● **DATA PROVIDED**
---*---

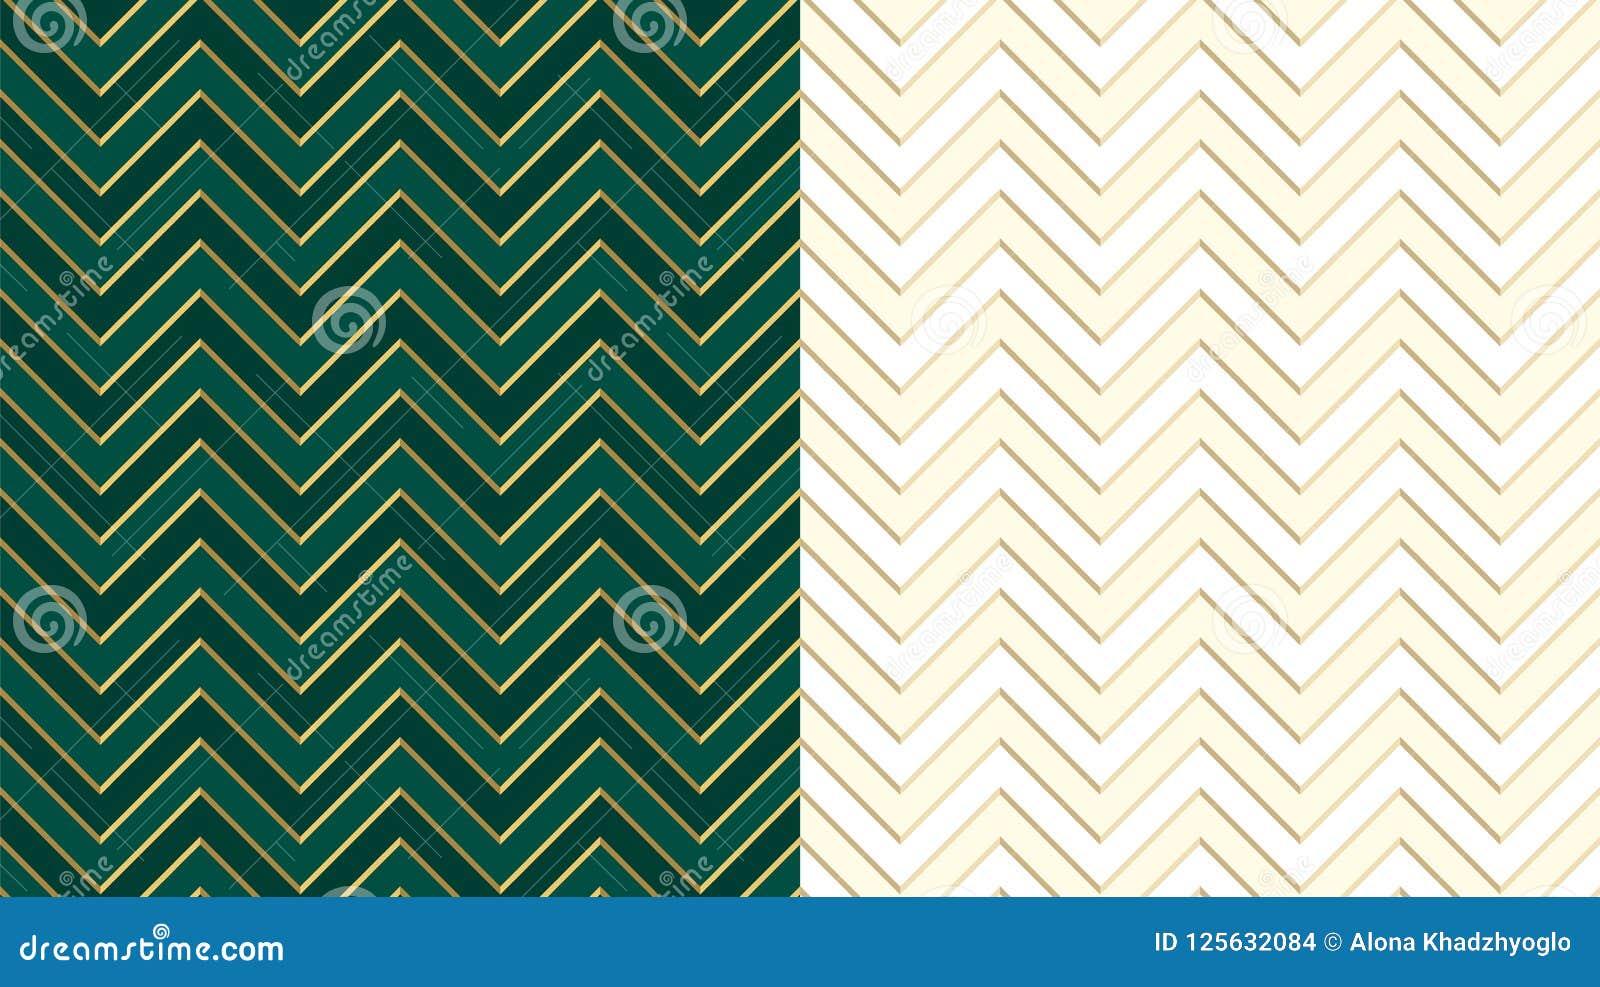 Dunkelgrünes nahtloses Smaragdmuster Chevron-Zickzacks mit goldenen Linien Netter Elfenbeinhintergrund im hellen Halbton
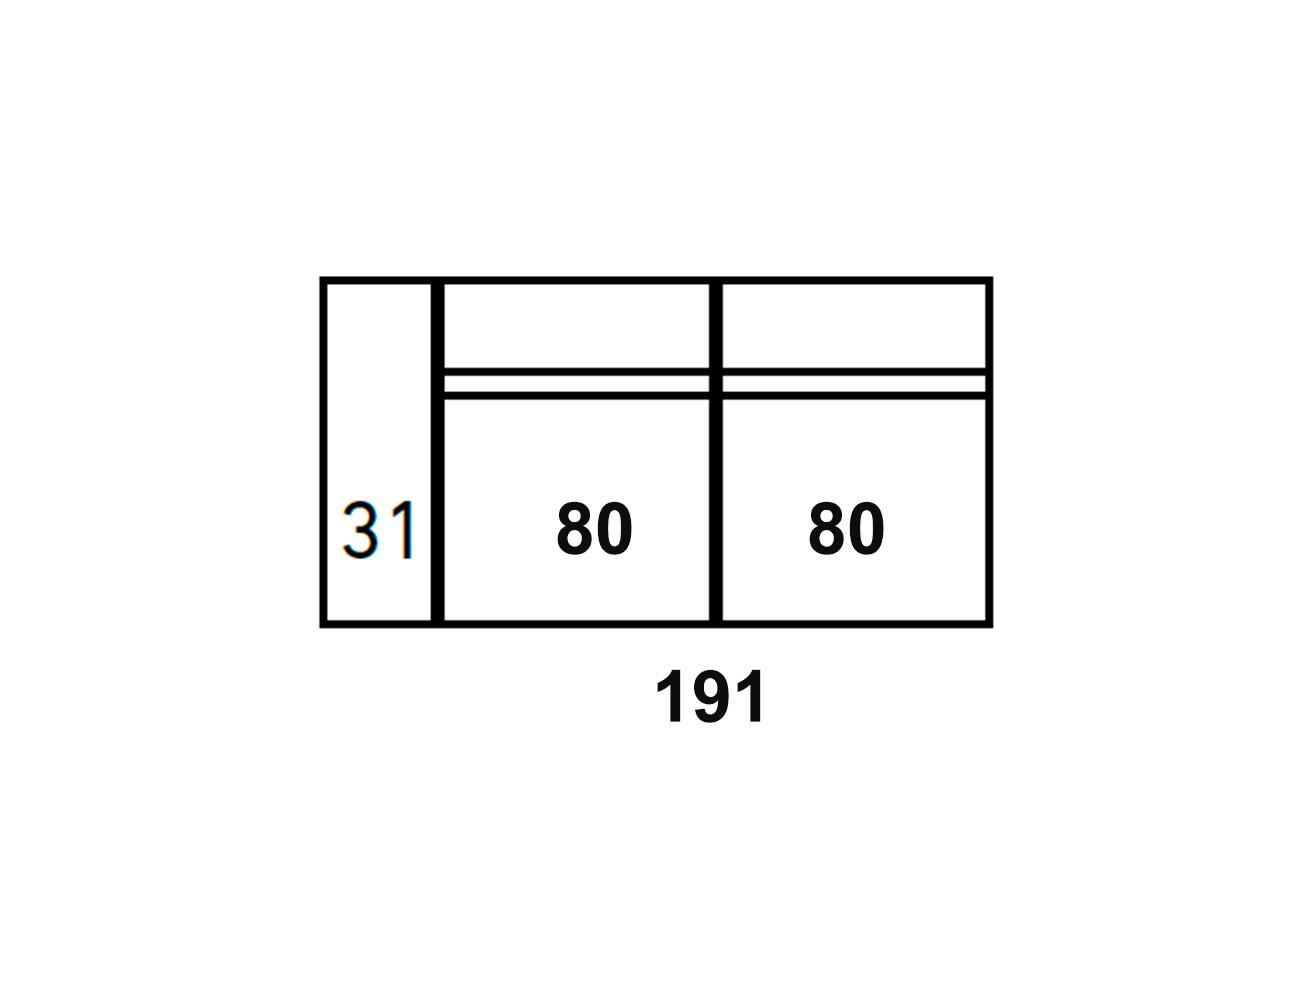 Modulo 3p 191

---*---

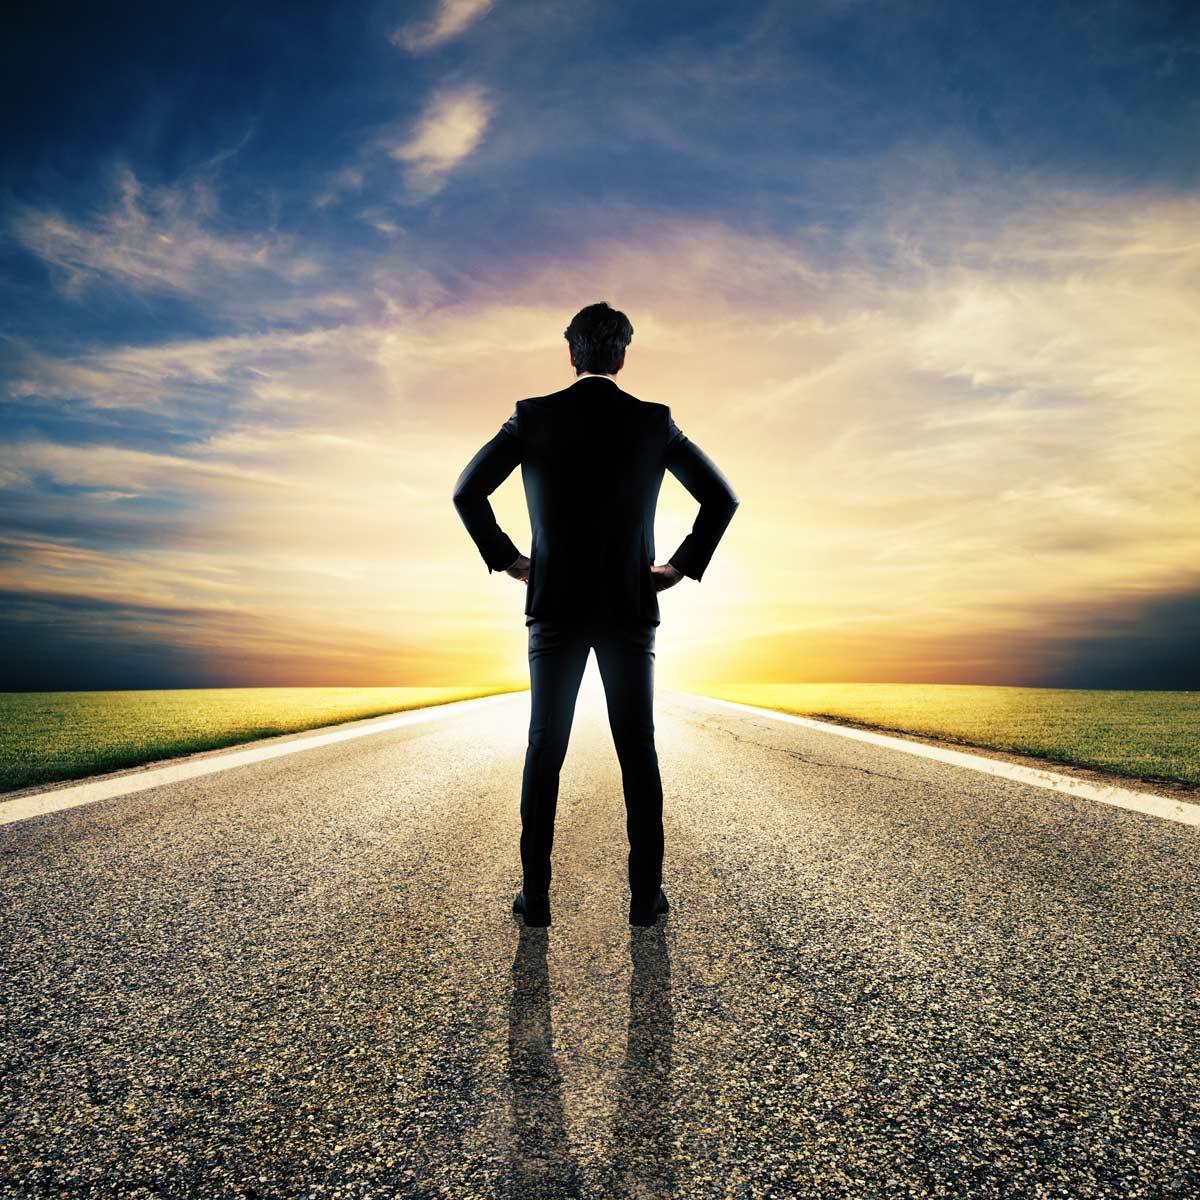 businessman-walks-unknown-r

---*---

● **WHAT NEEDS TO BE DONE**
In the material above, the stretch from the line with "Dunkelgrünes nahtloses Smaragdmuster" through the line with "Modulo 3p 191" is to be given again exactly, minus the pictures.

● **EXERCISE ANSWER**
 Dunkelgrünes nahtloses Smaragdmuster Chevron-Zickzacks mit goldenen Linien Netter Elfenbeinhintergrund im hellen Halbton
 Modulo 3p 191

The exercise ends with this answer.